[Numpy-discussion] Scalar casting rules use-case reprise

Fri Jan 4 09:34:29 EST 2013

2013/1/4 Nathaniel Smith <njs at pobox.com>:
> On Fri, Jan 4, 2013 at 11:09 AM, Matthew Brett <matthew.brett at gmail.com> wrote:
>> Hi,
>>
>> Reading the discussion on the scalar casting rule change I realized I
>> was hazy on the use-cases that led to the rule that scalars cast
>> differently from arrays.
>>
>> My impression was that the primary use-case was for lower-precision
>> floats. That is, when you have a large float32 arr, you do not want to
>> double your memory use with:
>>
>>>>> large_float32 + 1.0 # please no float64 here
>>
>> Probably also:
>>
>>>>> large_int8 + 1 # please no int32 / int64 here.
>>
>> That makes sense.  On the other hand these are more ambiguous:
>>
>>>>> large_float32 + np.float64(1) # really - you don't want float64?
>>
>>>>> large_int8 + np.int32(1) # ditto
>>
>> I wonder whether the main use-case was to deal with the automatic
>> types of Python floats and scalars?  That is, I wonder whether it
>> would be worth considering (in the distant long term), doing fancy
>> guess-what-you-mean stuff with Python scalars, on the basis that they
>> are of unspecified dtype, and make 0 dimensional scalars follow the
>> array casting rules.  As in:
>>
>>>>> large_float32 + 1.0
>> # no upcast - we don't know what float type you meant for the scalar
>>>>> large_float32 + np.float64(1)
>> # upcast - you clearly meant the scalar to be float64
>
> Hmm, but consider this, which is exactly the operation in your example:
>
> In [9]: a = np.arange(3, dtype=np.float32)
>
> In [10]: a / np.mean(a) # normalize
> Out[10]: array([ 0.,  1.,  2.], dtype=float32)
>
> In [11]: type(np.mean(a))
> Out[11]: numpy.float64
>
> Obviously the most common situation where it's useful to have the rule
> to ignore scalar width is for avoiding "width contamination" from
> Python float and int literals. But you can easily end up with numpy
> scalars from indexing, high-precision operations like np.mean, etc.,
> where you don't "really mean" you want high-precision. And at least
> it's easy to understand the rule: same-kind scalars don't affect
> precision.
>
> ...Though arguably the bug here is that np.mean actually returns a
> value with higher precision. Interestingly, we seem to have some
> special cases so that if you want to normalize each row of a matrix,
> then again the dtype is preserved, but for a totally different
> reasons. In
>
> a = np.arange(4, dtype=np.float32).reshape((2, 2))
> a / np.mean(a, axis=0, keepdims=True)
>
> the result has float32 type, even though this is an array/array
> operation, not an array/scalar operation. The reason is:
>
> In [32]: np.mean(a).dtype
> Out[32]: dtype('float64')
>
> But:
>
> In [33]: np.mean(a, axis=0).dtype
> Out[33]: dtype('float32')
>
> In this respect np.var and np.std behave like np.mean, but np.sum
> always preserves the input dtype. (Which is curious because np.sum is
> just like np.mean in terms of potential loss of precision, right? The
> problem in np.mean is the accumulating error over many addition
> operations, not the divide-by-n at the end.)

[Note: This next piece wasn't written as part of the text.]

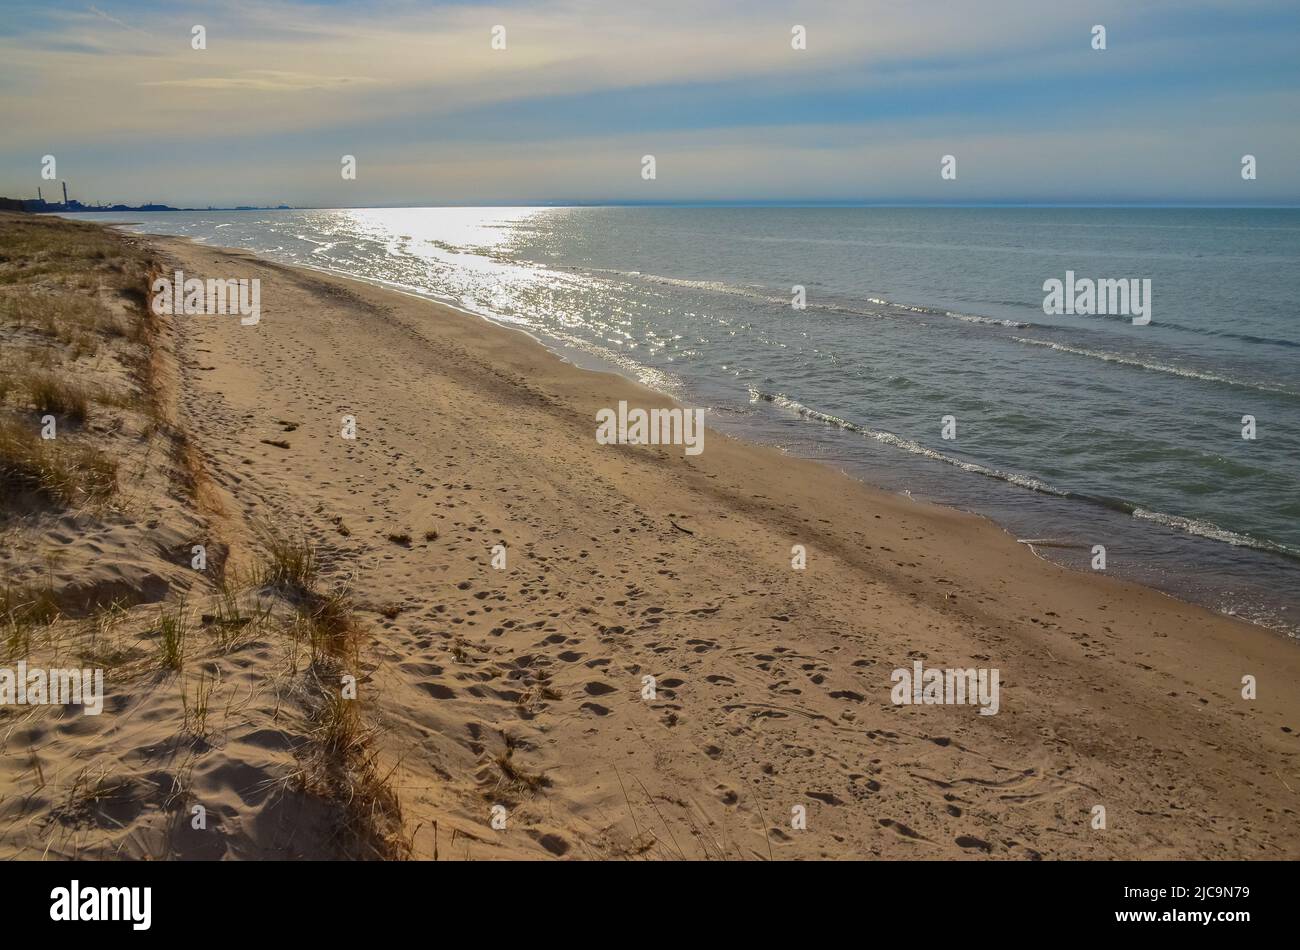 Sanddünen am Ufer eines großen Sees, Spiegelung der Sonne im Wasser. Indiana Dunes National Lakeshore, USA Stockfoto

IMO having a different dtype depending on whether or not you provide
the "axis" argument to mean() should be considered as a bug.
As to what the correct dtype should be... it's not such an easy
question. Personally I would go with float64 by default to be
consistent across all int / float dtypes. Then someone who wants to
downcast it can use the "out" argument to mean().

To come back to Matthew's use-case question, I agree the most common
use case is to prevent a float32 or small int array from being
upcasted, and most of the time this would come from Python scalars.
However I don't think it's a good idea to have a behavior that is
different between Python and Numpy scalars, because it's a subtle
difference that users could have trouble understanding & foreseeing.
The expected behavior of numpy functions when providing them with
non-numpy objects is they should behave the same as if we had called
numpy.asarray() on these objects, and straying away from this behavior
seems dangerous to me.

As far as I'm concerned, in a world where numpy would be brand new
with no existing codebase using it, I would probably prefer to use the
same casting rules for array/array and array/scalar operations. It may
cause some unwanted array upcasting, but it's a lot simpler to
understand. However, given that there may be a lot of code relying on
the current dtype-preserving behavior, doing it now doesn't sound like
a good idea to me.

-=- Olivier